ASSIGNMENT:
Everything in the data below except the pictures must be repeated word for word.

DATASET SECTION:
====
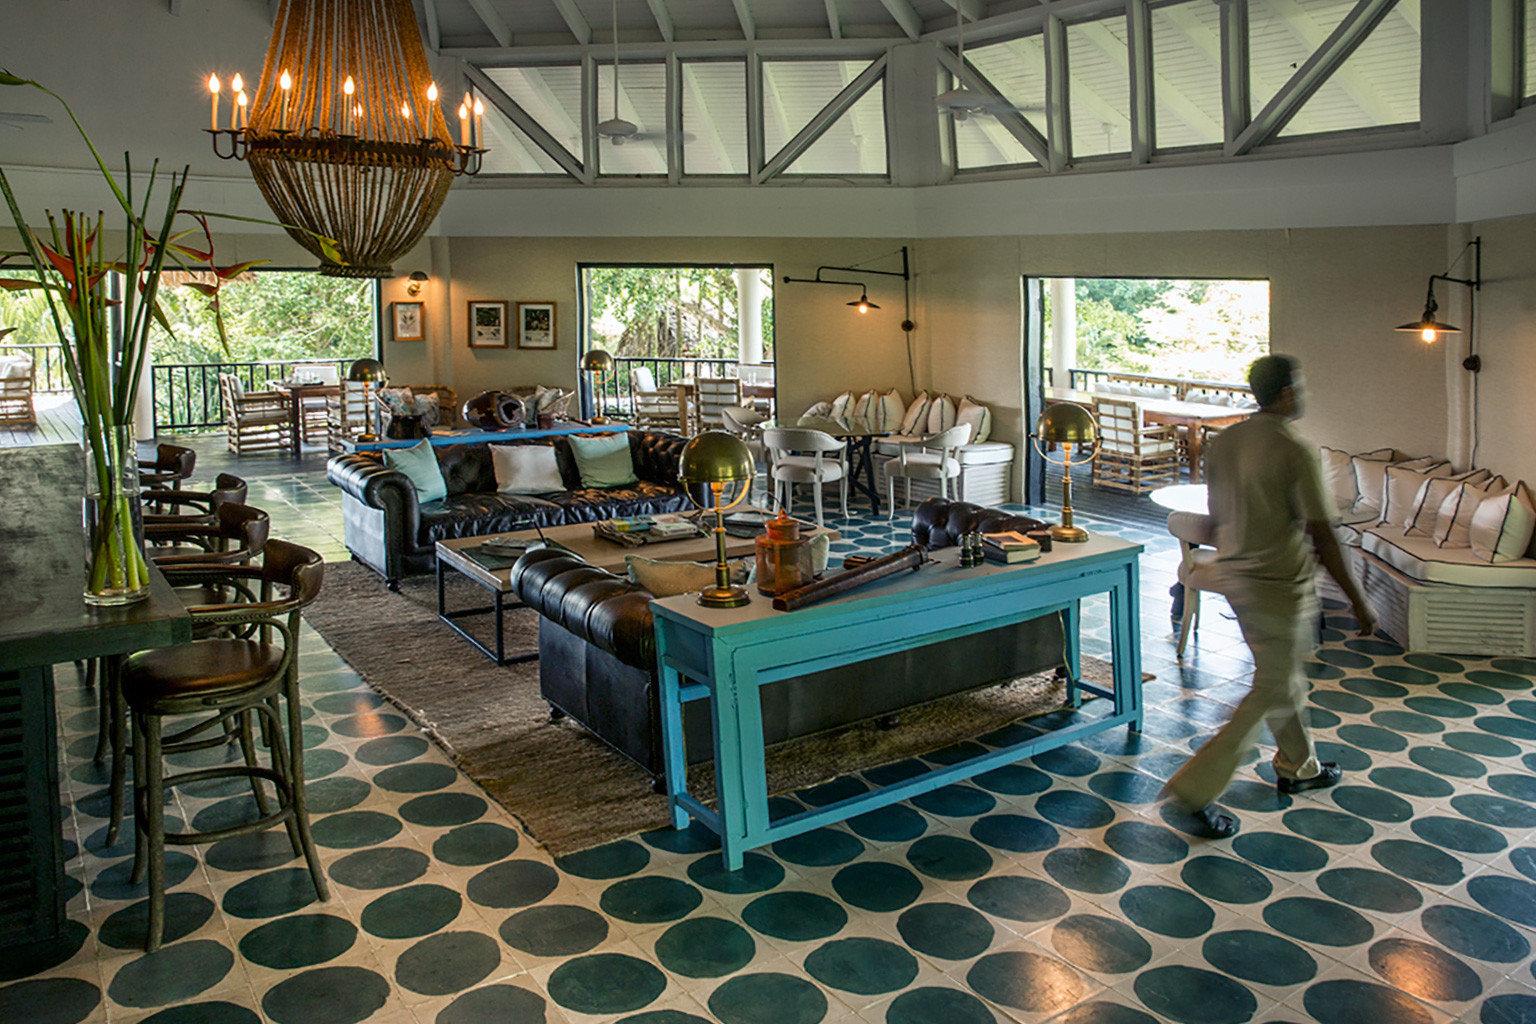 Dining Drink Eat Lodge property restaurant home Resort Lobby
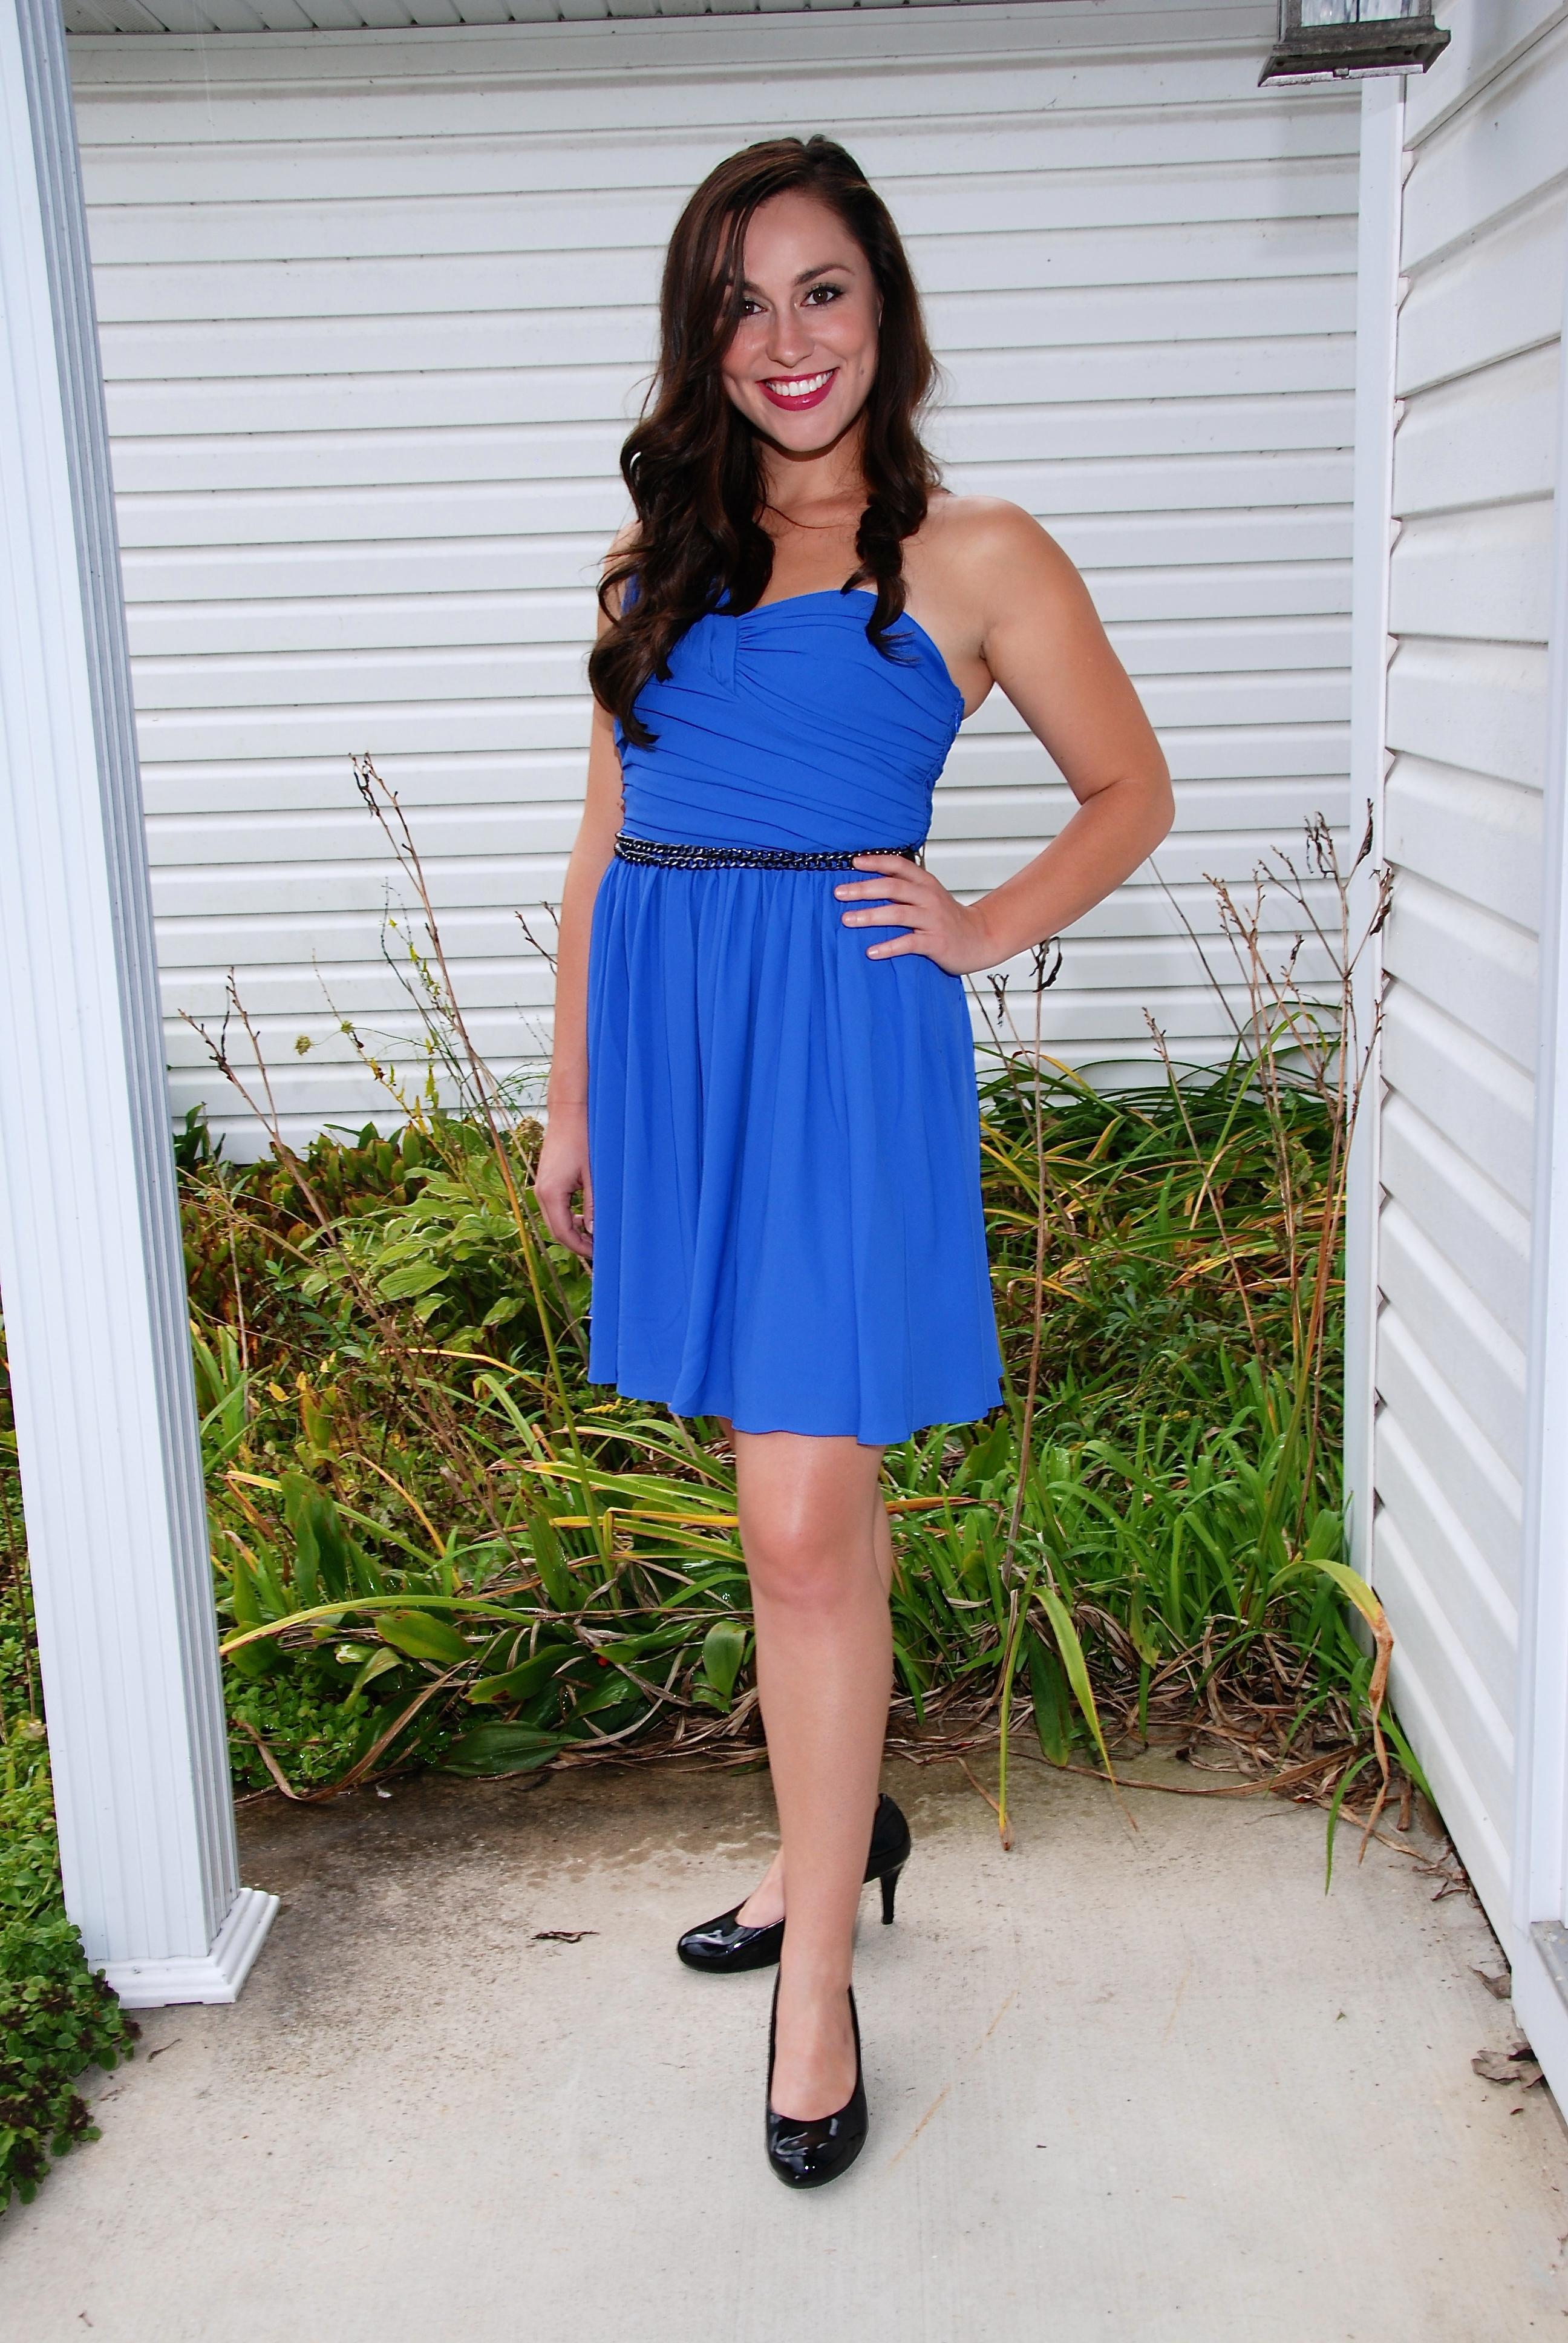 photo of ENVE Model Danielle
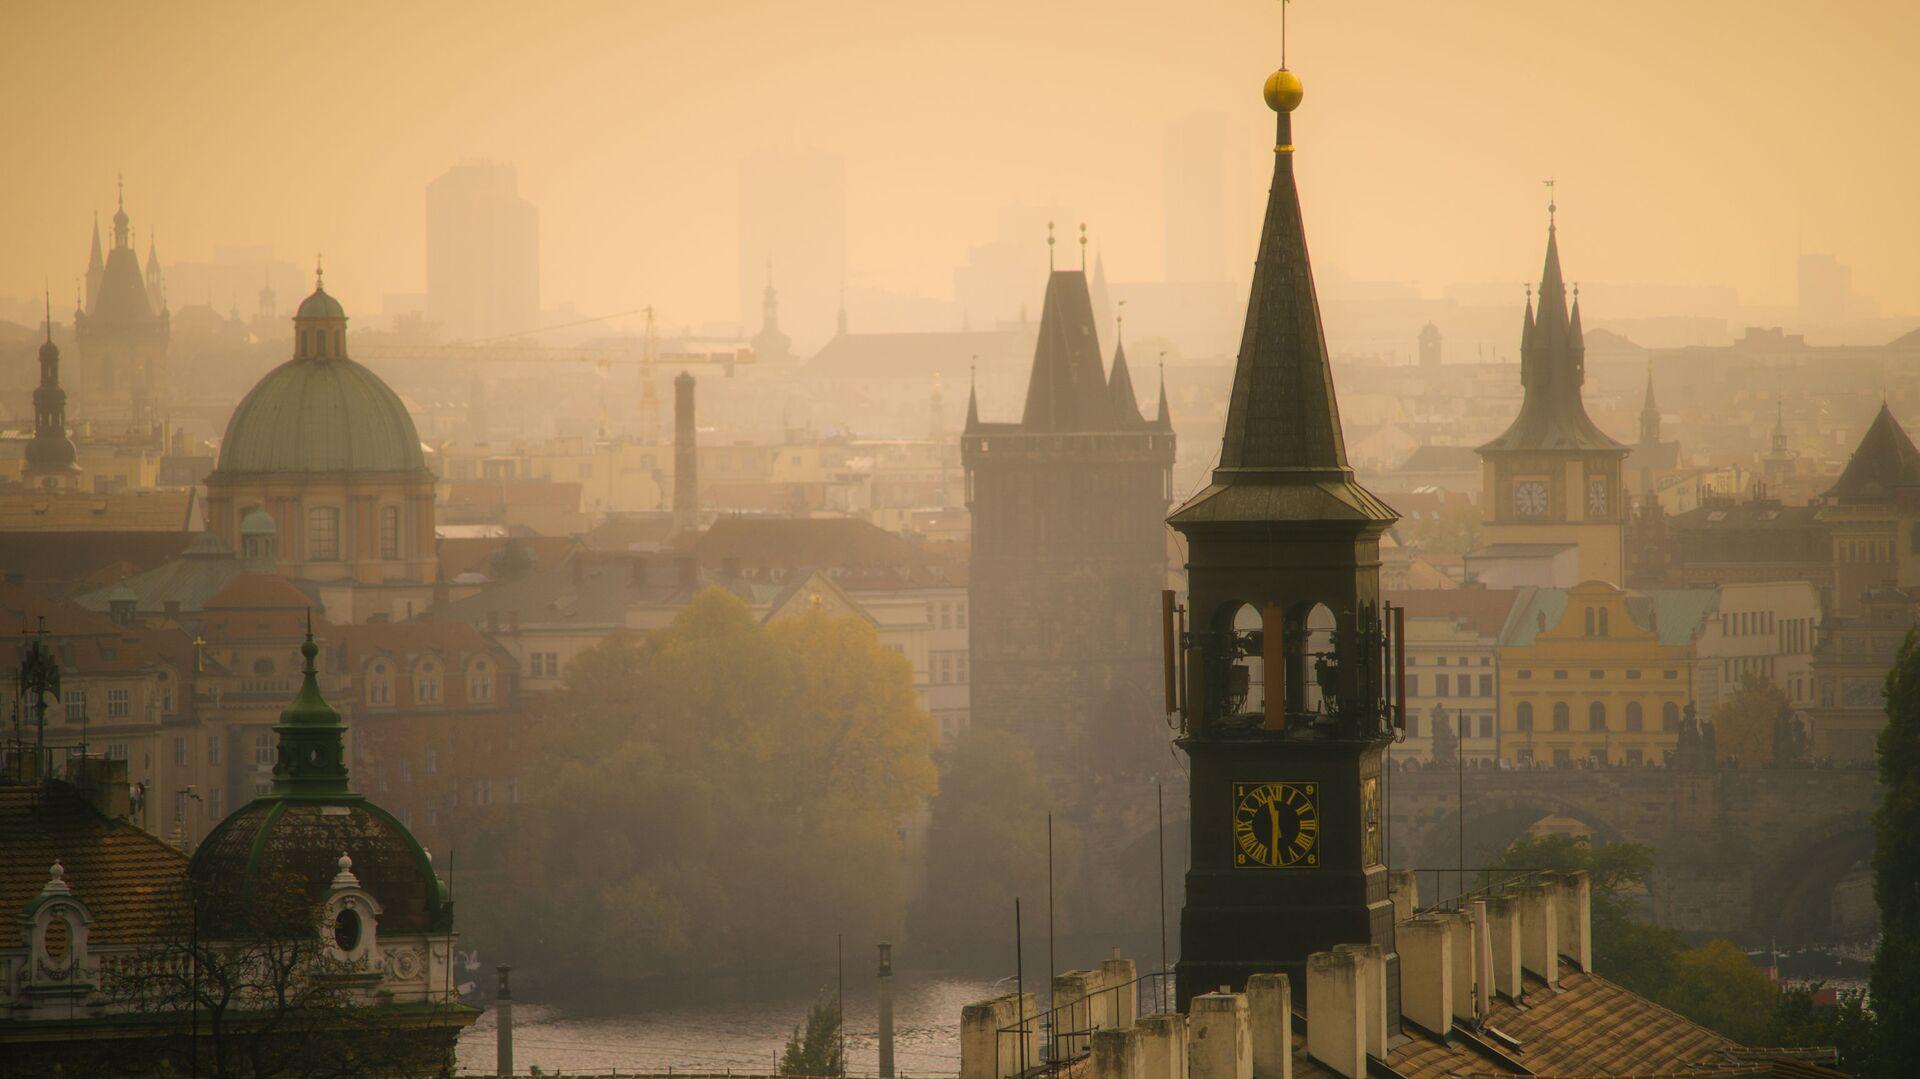 Praha - Sputnik Česká republika, 1920, 02.07.2021
====
RESULT OF THE EXERCISE:
 Dining Drink Eat Lodge property restaurant home Resort Lobby
 photo of ENVE Model Danielle
 Praha - Sputnik Česká republika, 1920, 02.07.2021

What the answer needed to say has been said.